The term sheet, sometimes called a memorandum of understanding, is the document containing all the key agreed upon information about the purchase of the LLC. This, unlike your purchase agreement, is not a contract and is only a list of key info related to the sell and transfer of ownership. Your term sheet will include aspects like:
- Final price you’ll pay for the LLC, when it’s due, and the method of payment
- Outline of LLC’s structure and operation
- Membership approval gathered
- Date of closing on the purchase
- Non-compete agreements or other contractual obligations
You’ll want to have an attorney draft and review your term sheet because it will be used to draft your purchasing agreement, which is the official legal document of your LLC purchase.
A purchase agreement is the legal document you’ll use to finalize the purchase of an LLC. Once you’ve completed your term sheet and your due diligence process, you’ll craft a purchase agreement. If you’re buying the entire LLC, you’ll draft a full purchase agreement. If you did not get all member approval during your due diligence, you’ll get all member approval of the purchase agreement and transfer of ownership during this stage.
The term sheet you drafted will be the main items included in your purchase agreement, but there will also be information about post-purchase protection like when any final debts must be paid and agreements with landlords settled. Once the purchase agreement has been drafted and agreed upon, your attorney will provide the LLC with a list of actions and items they need to complete before signing the agreement.

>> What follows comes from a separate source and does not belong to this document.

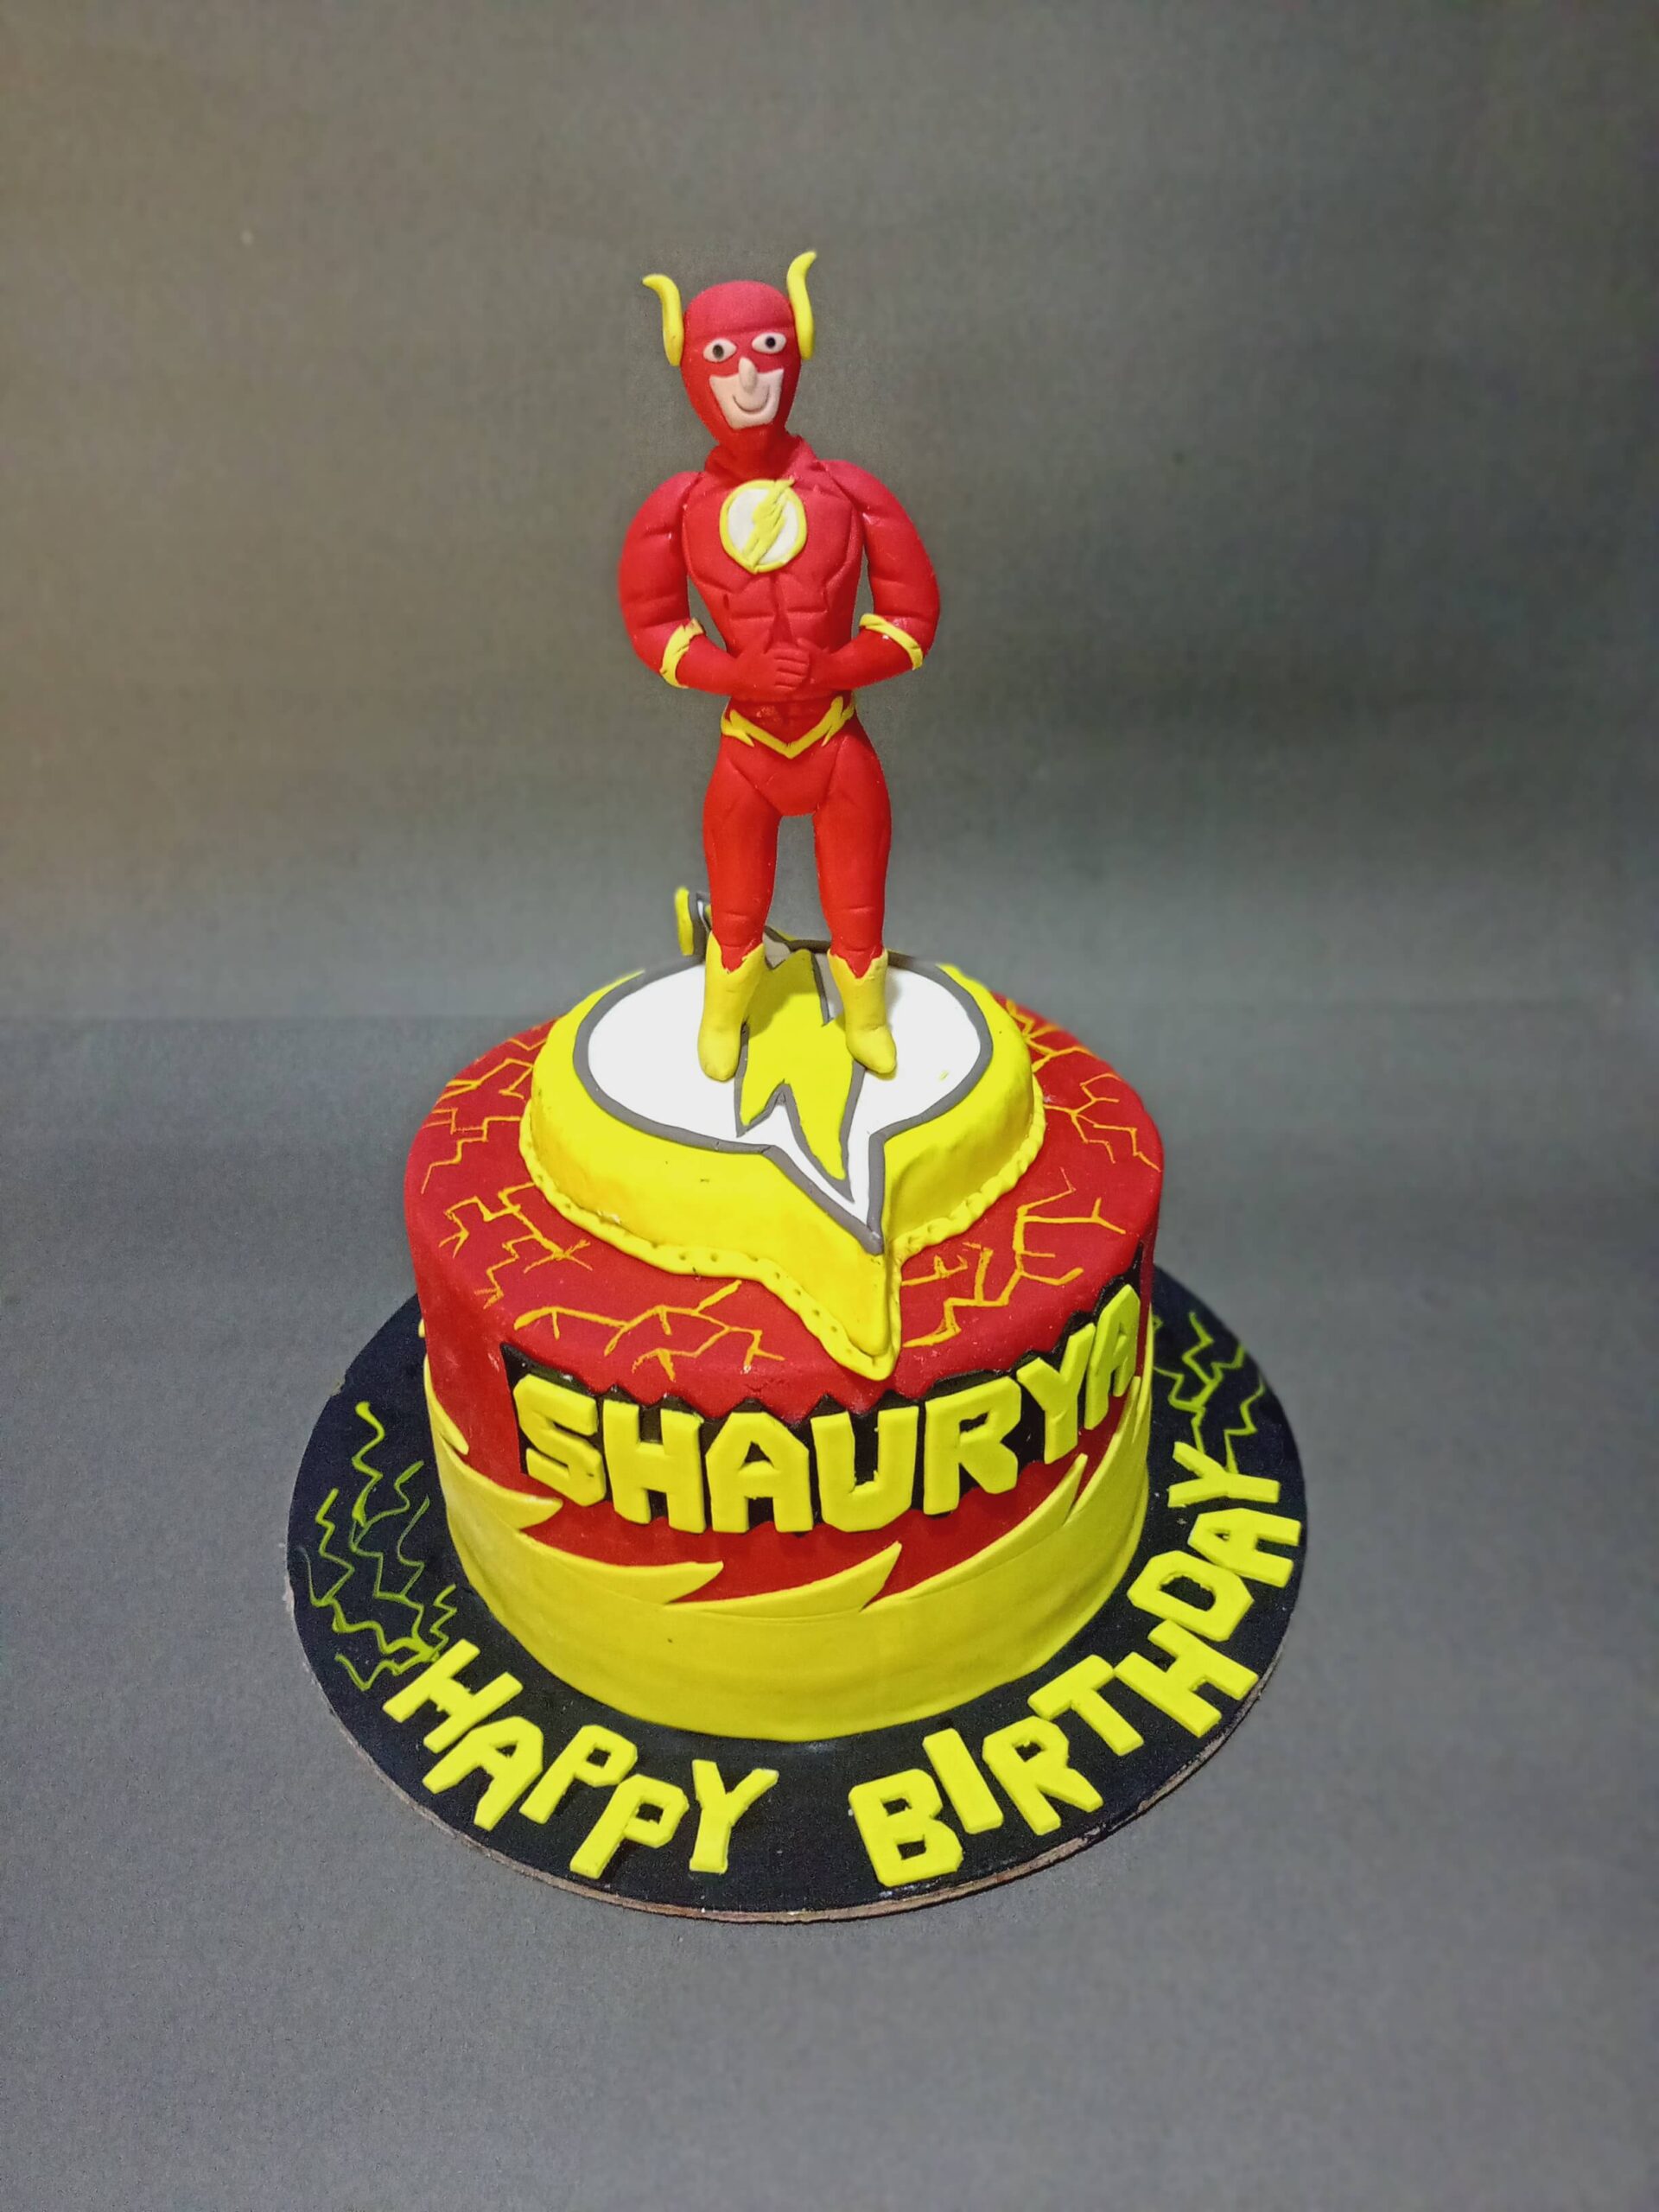 Iron Man avengers cakes singapore/avengers movie sg - River Ash Bakery

After all parties and their attorneys have signed the purchase agreement, the closing is done and you’ve successfully purchased an LLC. You’ll still need to give post-closing notifications to the government and IRS to let them know of the change in ownership, registered agent, and any other important information that has been changed during the purchase.
Local Government and Secretary of State
When you purchase an LLC, you’ll need to update the government about the change in ownership and, in some cases, membership and registered agent. You’ll file an amendment to your Articles of Organization, sometimes called Certificate of Organization, with the state where your LLC is located. Business licenses and permits will also need to be updated with local and state boards where the LLC is registered.
Learn more about How to Get a Business License.
With a change in ownership after a purchase of an LLC, you’ll need to file Form 8822-B, Change of Address or Responsible Party. Form 8822-B updates the IRS to a change in who the person of contact is assigned the EIN for the business. If you want to change your LLC’s tax election, you’ll need to file Form 8832 with the IRS. When buying a single-member LLC (SMLLC), you won’t need to notify the IRS if it is staying a SMLLC. However, if you purchase a SMLLC and change it to a multi-member LLC, you’ll need to file for a new EIN.